You're most likely to find them in the Don Valley Brickworks. They're very humanized there and I doubt someone, hypothetically, should they be inclined, would have a hard time catching a few.


----------



## bluegill (Jan 5, 2010)

thanks for the info on sunfish, I am a fisherman, usually, the sunfish I incidentally catch are big, too big for my tank, so I will go there and give it a try


----------



## bae (May 11, 2007)

It's illegal to keep native species of sunfish.

The sunfish Darkside is referring to are either Enneacanthus spp or Elassoma spp. Elassoma, usually called pygmy sunfish, are native to Florida, and IIRC, have recently been moved into a family of their own. They are tiny fish, a few cm in size. Enneacanthus are native to the eastern seaboard of the US as far north as NJ IIRC. They are sometimes called banded sunfish and get to about 8-10cm, IIRC.

From all this IIRC you can see that I'm too lazy to look it up, but you can.

I've seen Enneacanthus at Menagerie a few times. They can probably order some for you. People in Europe breed both these genera, so you don't have to try to get wild fish.


----------



## AquariAM (Jan 28, 2010)

bluegill said:


> thanks for the info on sunfish, I am a fisherman, usually, the sunfish I incidentally catch are big, too big for my tank, so I will go there and give it a try


Net don't line catch. Too much stress. Just plop a net in the water. Walk around for 1/2 hour to let them get used to it, come back drop a bunch of flake in the water, when they swarm, WHAM and pick the nicest one. Hypothetically, of course. I mean, I'm not suggesting that you actually DO this


----------



## bluegill (Jan 5, 2010)

bae said:


> *It's illegal to keep native species of sunfish*.
> 
> The sunfish Darkside is referring to are either Enneacanthus spp or Elassoma spp. Elassoma, usually called pygmy sunfish, are native to Florida, and IIRC, have recently been moved into a family of their own. They are tiny fish, a few cm in size. Enneacanthus are native to the eastern seaboard of the US as far north as NJ IIRC. They are sometimes called banded sunfish and get to about 8-10cm, IIRC.
> 
> ...


possesion limit is 30 with a fishing license for a native sunfish


----------



## bluegill (Jan 5, 2010)

AquariAM said:


> Net don't line catch. Too much stress. Just plop a net in the water. Walk around for 1/2 hour to let them get used to it, come back drop a bunch of flake in the water, when they swarm, WHAM and pick the nicest one. Hypothetically, of course. I mean, I'm not suggesting that you actually DO this


re Don Valleybricks

is this pond good to take kids to ??, the one mentioned in the east toronto ??
is it a park ??


----------



## AquariAM (Jan 28, 2010)

bluegill said:


> re Don Valleybricks
> 
> is this pond good to take kids to ??, the one mentioned in the east toronto ??
> is it a park ??


I guess its a park. I don't see why you shouldn't take kids there. There's always fish to see if you bring food. Some trails. They kinda suck because it's reclaimed land from brickworks and it's just sort of a bowl but it's not bad. It's peaceful.


----------



## bae (May 11, 2007)

bluegill said:


> possesion limit is 30 with a fishing license for a native sunfish


That's dead fish in your fridge or freezer. The laws were changed recently to make it illegal to keep live sunfish, and restrictions on keeping bait fish are in place.


----------



## bluegill (Jan 5, 2010)

bae said:


> That's dead fish in your fridge or freezer. The laws were changed recently to make it illegal to keep live sunfish, and restrictions on keeping bait fish are in place.
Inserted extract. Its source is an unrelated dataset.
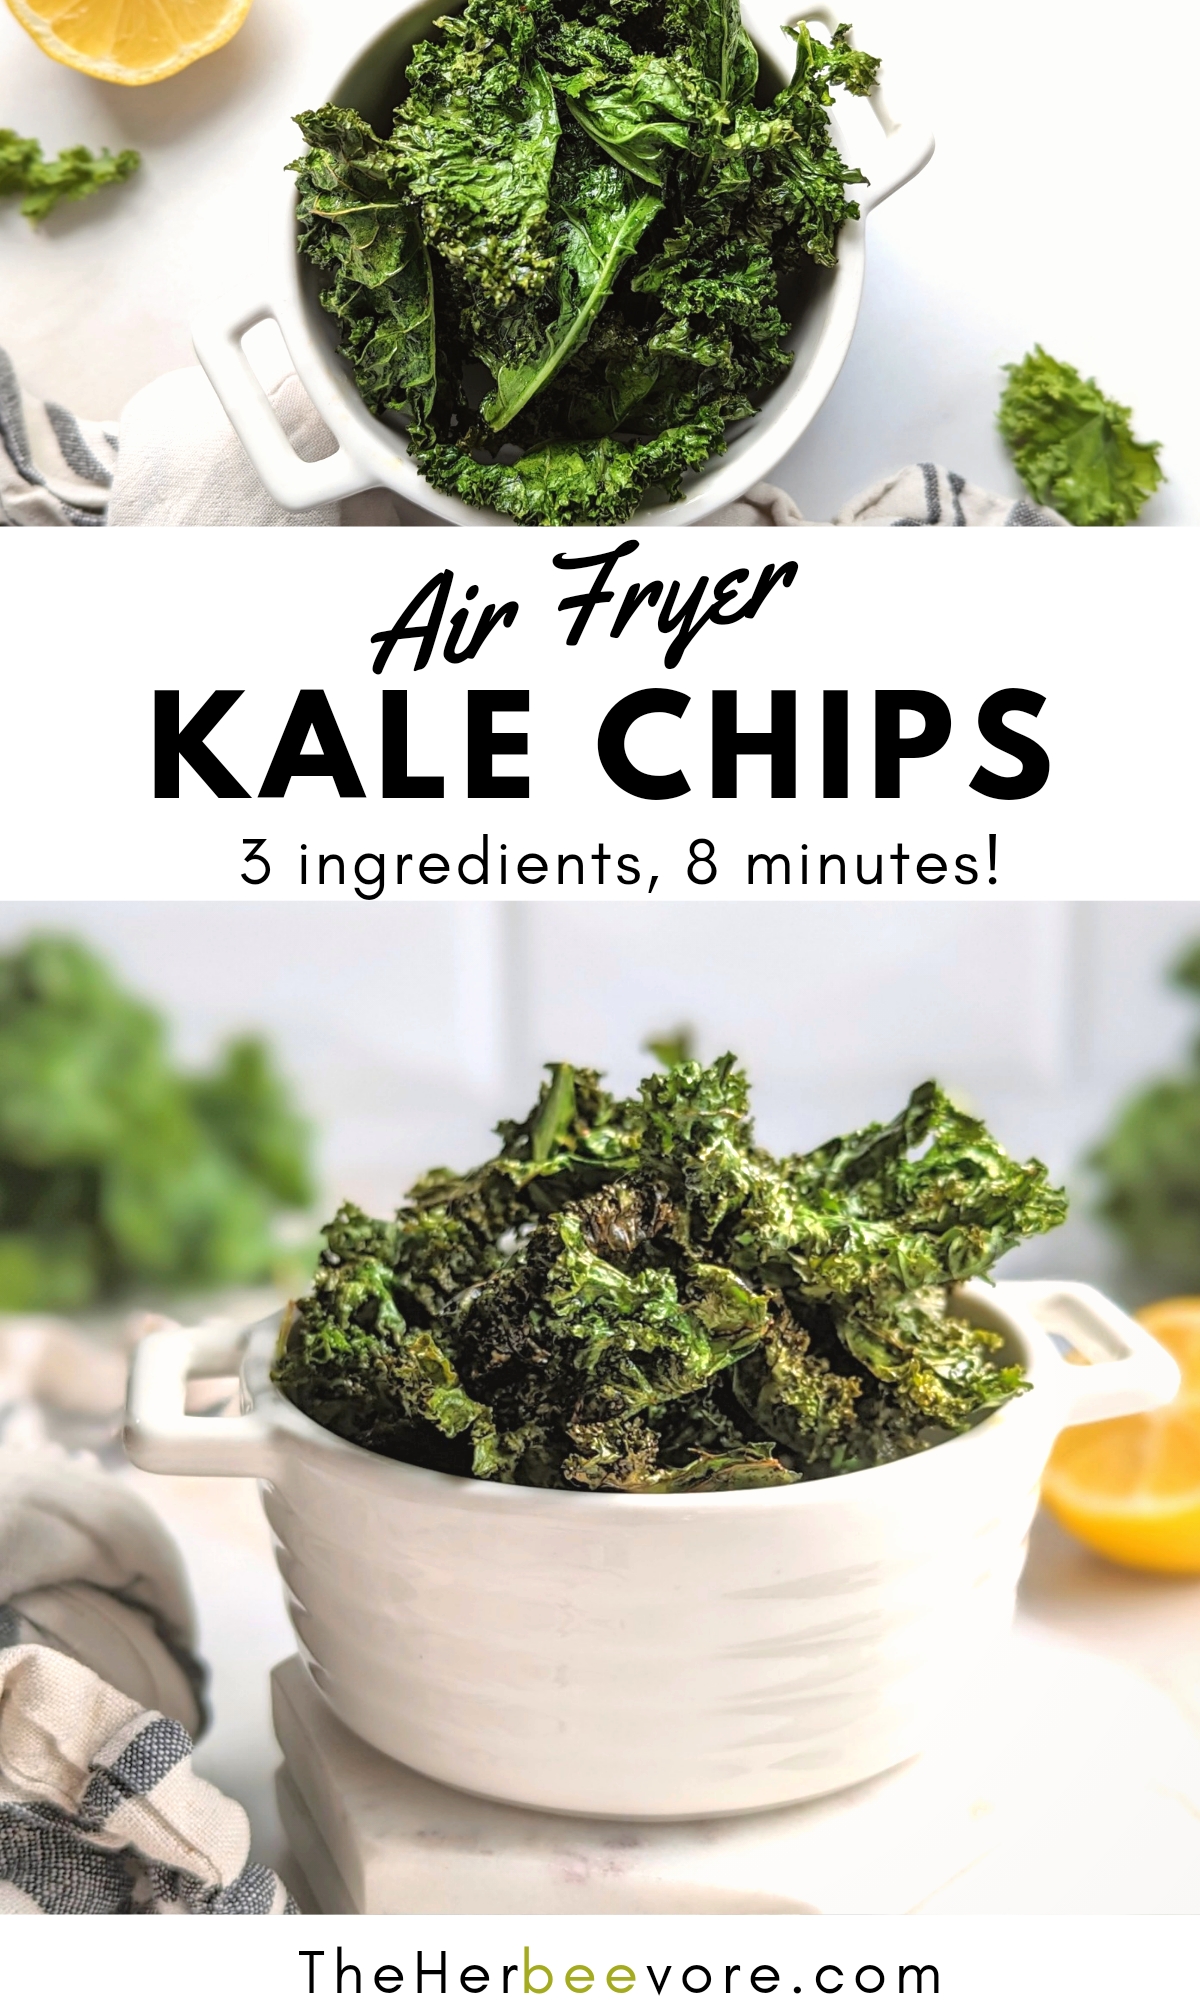 air fryer kale chips recipe easy kale chips in air fryer recipes healthy snacks with kale chips easy vegan vegetarian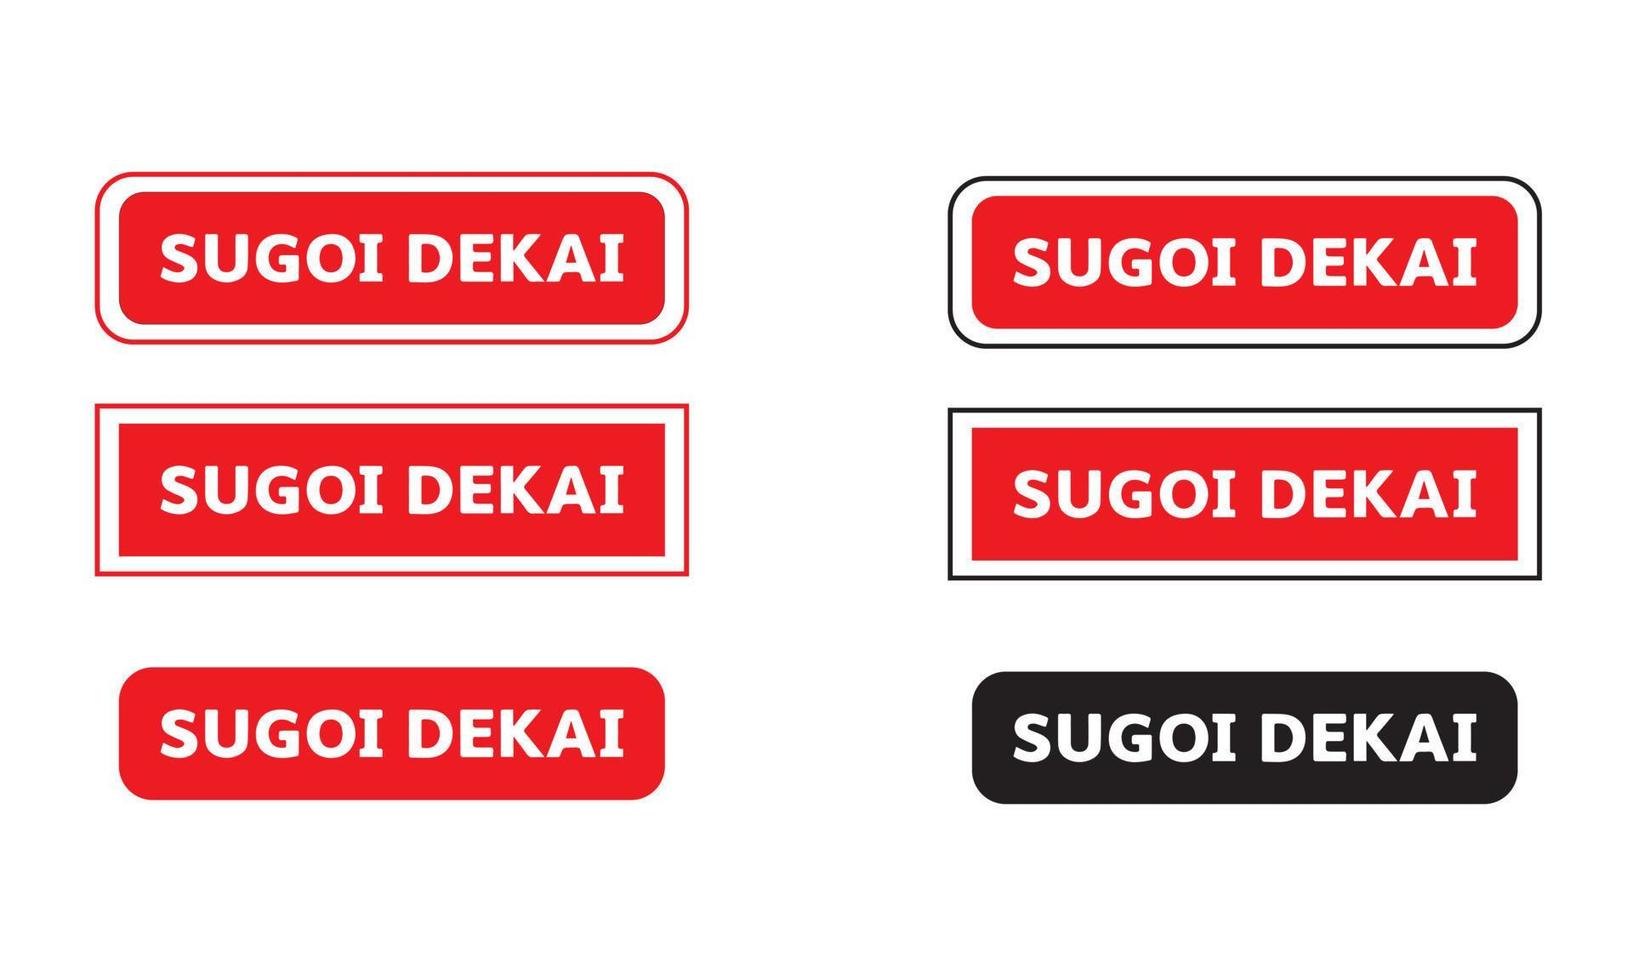 sugoi dekai logo auf rotem hintergrund bedeuten sehr großes logo von uzaki wanna play icon set vektor

so what about it sitting in a tank in a boat ??
what about having it in a moving vehicle towing a boat with a 
holding tank ??
WHat about a live fish, that is in a bucket that you are taking home ??


----------



## Darkside (Sep 14, 2009)

Just use common sense. Likely no one is going to care if you have a blue gill in your aquarium.


----------



## TBemba (Jan 11, 2010)

You are not even to keep Bait over a certain length of time.

bad idea keeping native fish. 

Why there are so many nice tropical fish out there.

Hmmm.....I wonder if i lived in Africa could I keep cichlids or would it be illegal?


----------